NLDS: Homer di Tellez dà ai birrai una vittoria su Atlanta


MILWAUKEE — Corbin Burnes è rimasto solo sul monte venerdì, un triangolo di guai che già minacciava di sommergere i Milwaukee Brewers nel primo inning di una partita di playoff.

Jorge Soler, battitore leadoff di Atlanta, aveva convertito un conteggio di 1-2 in una passeggiata. Ci sono voluti nove lanci, inclusa una palla passata, per portare Freddie Freeman e mettere lui e Soler sugli angoli. Ora il battitore n. 3 di Atlanta, Ozzie Albies, si è spinto verso il piatto dopo una stagione regolare di 30 homer.

Il cutter di Burnes lo aveva tradito durante i primi due battitori di questa serie di division della National League. Ci è tornato comunque. Albies oscillò e atterrò innocuo verso il primo. Soler si è diretto troppo lentamente verso casa per battere un tiro di Rowdy Tellez, che era già salito per primo. Quattro tiri (incluso un solo cutter) più tardi, l’inizio minaccioso e promettente di Atlanta non aveva portato a nulla e Burnes era diretto alla panchina dei Brewers.

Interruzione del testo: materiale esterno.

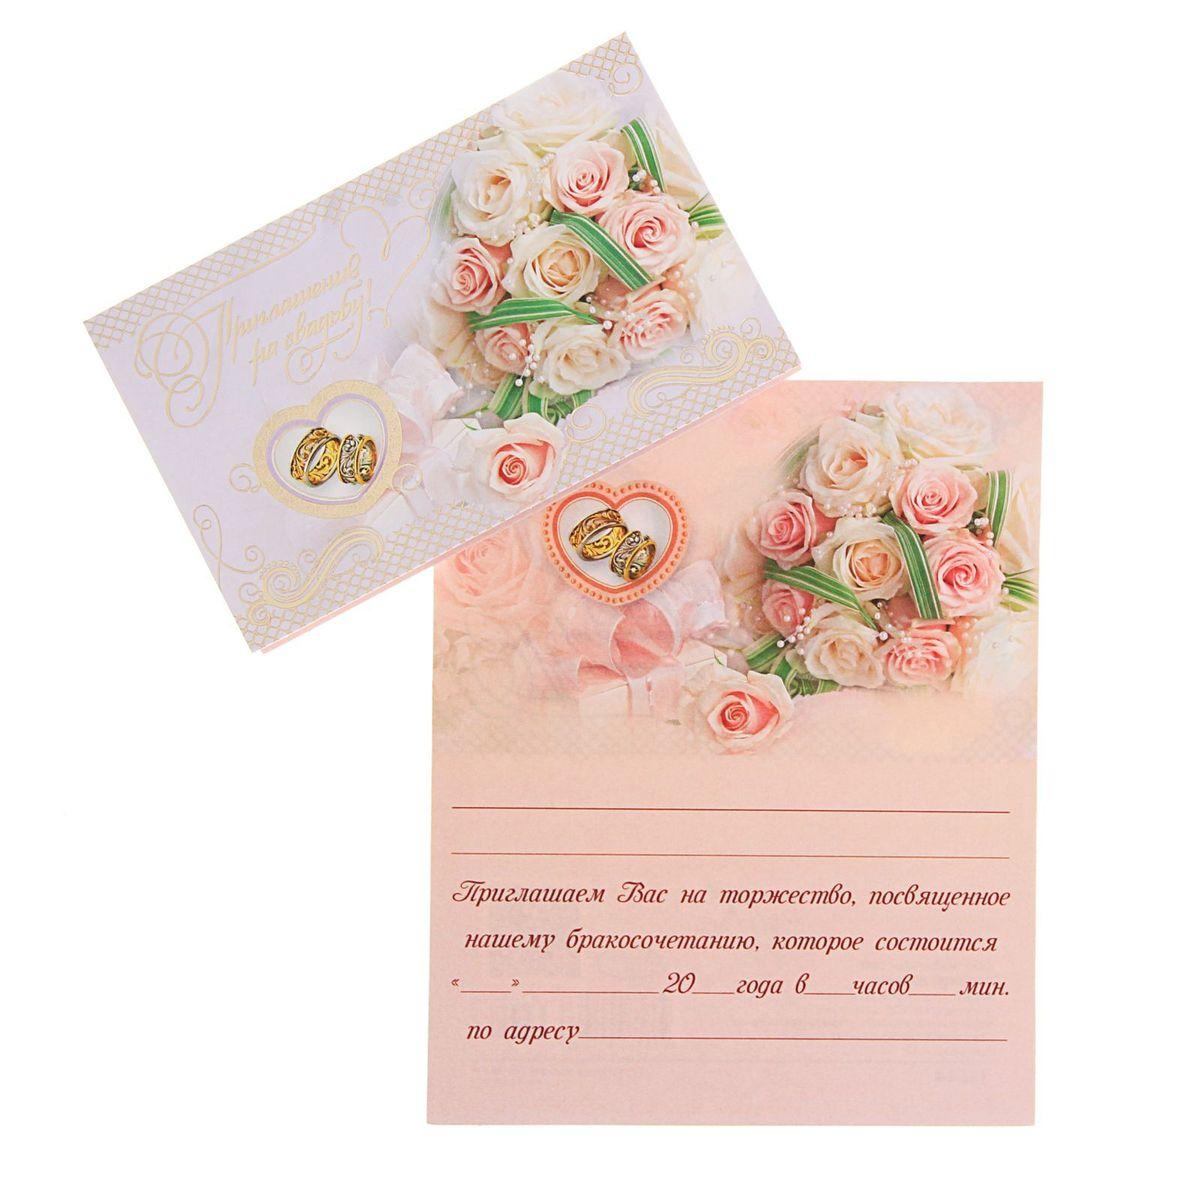 Приглашение на свадьбу Русский дизайн Кольца и розы, 14 х 11 см1367767Красивая свадебная пригласительная открытка станет незаменимым атрибутом подготовки к предстоящему торжеству и позволит объявить самым дорогим вам людям о важном событии в вашей жизни. Приглашение на свадьбу Русский дизайн Кольца и розы, выполненное из картона, отличается не только оригинальным дизайном, но и высоким качеством. Внутри - текст приглашения. Вам остается заполнить необходимые строки и раздать гостям. Устройте себе незабываемую свадьбу! Размер: 14 х 11 см.

Portava un no-hitter nel quinto e usciva dopo il sesto, dopo averne eliminati sei e aver ceduto due valide e nessun punto. Tellez ha fatto il resto, quando, con Avisail Garcia già in base nel settimo, ha martellato la palla veloce a 95 miglia all’ora di Charlie Morton a circa 411 piedi e ha dato a Milwaukee le uniche run di cui avrebbero bisogno per prevalere, 2-1, nel gioco 1.

“Un sacco di volte, la maggior parte dei grandi successi nella postseason, sono homer”, ha detto Brian Snitker, manager di Atlanta. “Ne hanno colpito uno e noi no.”

Gara 2 è in programma sabato a Milwaukee; la serie al meglio delle cinque si sposterà ad Atlanta per un massimo di due partite a partire da lunedì prima di tornare potenzialmente a Milwaukee giovedì per uno scontro finale in gara 5.

Almeno venerdì, nessun inning è stato più cruciale del primo.

“Il baseball post-stagione è tutto incentrato sullo slancio”, ha detto Burnes. “Quando una squadra prende lo slancio, è difficile fermarlo ed è difficile invertire la rotta. Quindi Rowdy che ha fatto quel gioco lì ovviamente ci ha dato lo slancio, ma ha fermato il loro slancio. Avevano il primo e il terzo, nessuno fuori. Avrebbe potuto intensificarsi rapidamente”.

Che i Brewers vincessero il loro matchup inaugurale della postseason contro Atlanta mantenendo il punteggio basso non sorprenderebbe praticamente nessuno intorno a Milwaukee, dove il pitching è stato un’arte alta quest’anno.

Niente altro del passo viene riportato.